Scientific classification
- Kingdom: Plantae
- Clade: Tracheophytes
- Clade: Angiosperms
- Clade: Eudicots
- Clade: Asterids
- Order: Ericales
- Family: Ericaceae
- Genus: Leucopogon
- Species: L. borealis
- Binomial name: Leucopogon borealis Hislop & A.R.Chapm.

= Leucopogon borealis =

- Genus: Leucopogon
- Species: borealis
- Authority: Hislop & A.R.Chapm.
- Conservation status: P2

Species of plant

Leucopogon borealis is a species of flowering plant in the heath family Ericaceae and is endemic to a restricted area of the west of Western Australia. It is an erect shrub with hairy young branchlets, linear leaves and white flowers in nine to twenty upper leaf axils.

==Description==
Leucopogon borealis is a shrub that typically grows up to about 120 cm high and wide, its young branchlets chestnut-brown and hairy. The leaves are spirally arranged, linear or narrowly elliptic, 8–19 mm long and 0.7–2.8 mm wide on a hairy petiole 0.7–1.5 mm long. The upper surface of the leaves is shiny and the lower surface densely hairy. The flowers are arranged singly in nine to twenty upper leaf axils 8–28 mm from the ends of branchlets, with egg-shaped bracts 1.3–1.8 mm long and similar slightly longer bracteoles. The sepals are egg-shaped, 2.5–3.2 mm long with a purplish tinge. The petals are white and joined at the base to form a bell-shaped tube 1.0–1.5 mm long and shorter than the sepals, the lobes white and 2.5–3.6 mm long. Flowering mainly occurs from July to October and the fruit is a glabrous drupe 1.6–1.8 mm long.

==Taxonomy and naming==
Leucopogon borealis was first formally described in 2007 by Michael Clyde Hislop and Alex R. Chapman in the journal Nuytsia from specimens collected by Alex George north of Geraldton in 1993. The specific epithet (borealis) means "northern", referring to the distribution of this leucopogon, compared to others in the genus.
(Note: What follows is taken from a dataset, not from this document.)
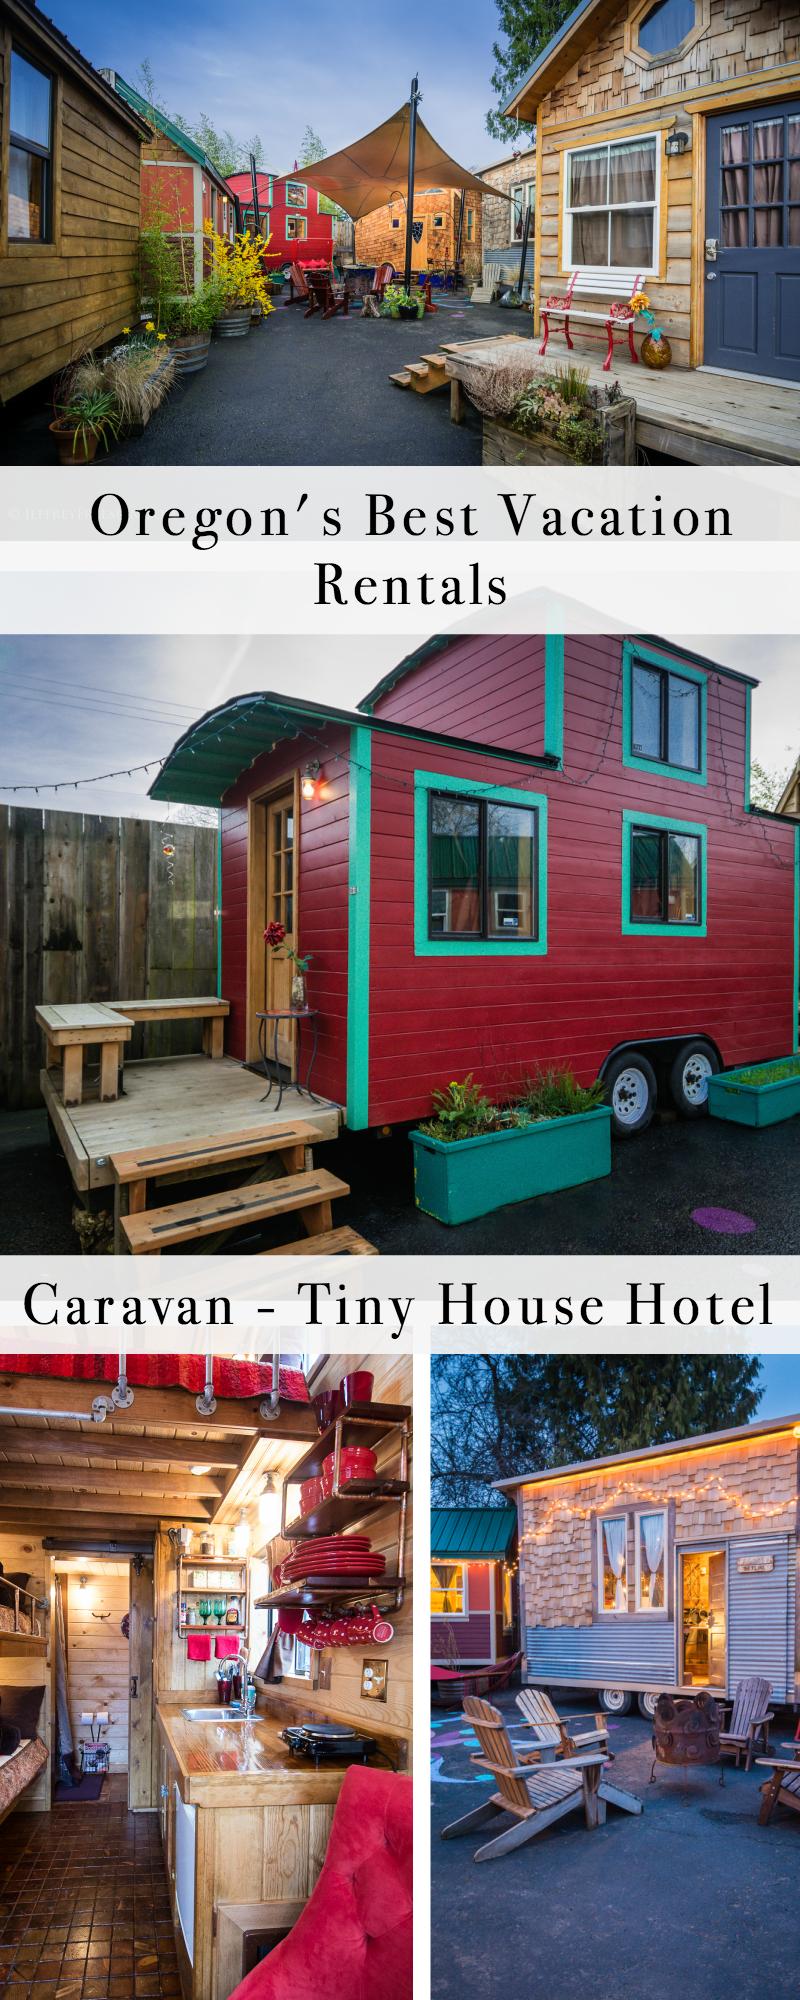 Oregon's Best Vacation Rentals: Caravan Tiny House Hotel 1

==Distribution and habitat==
This leucopogon usually grows in low, dense heath on the Moresby Range between Geraldton and Northampton in the Geraldton Sandplains bioregion in the west of Western Australia.

==Conservation status==
Leucopogon borealis is classified as "Priority Two" by the Western Australian Government Department of Biodiversity, Conservation and Attractions, meaning that it is poorly known and from only one or a few locations.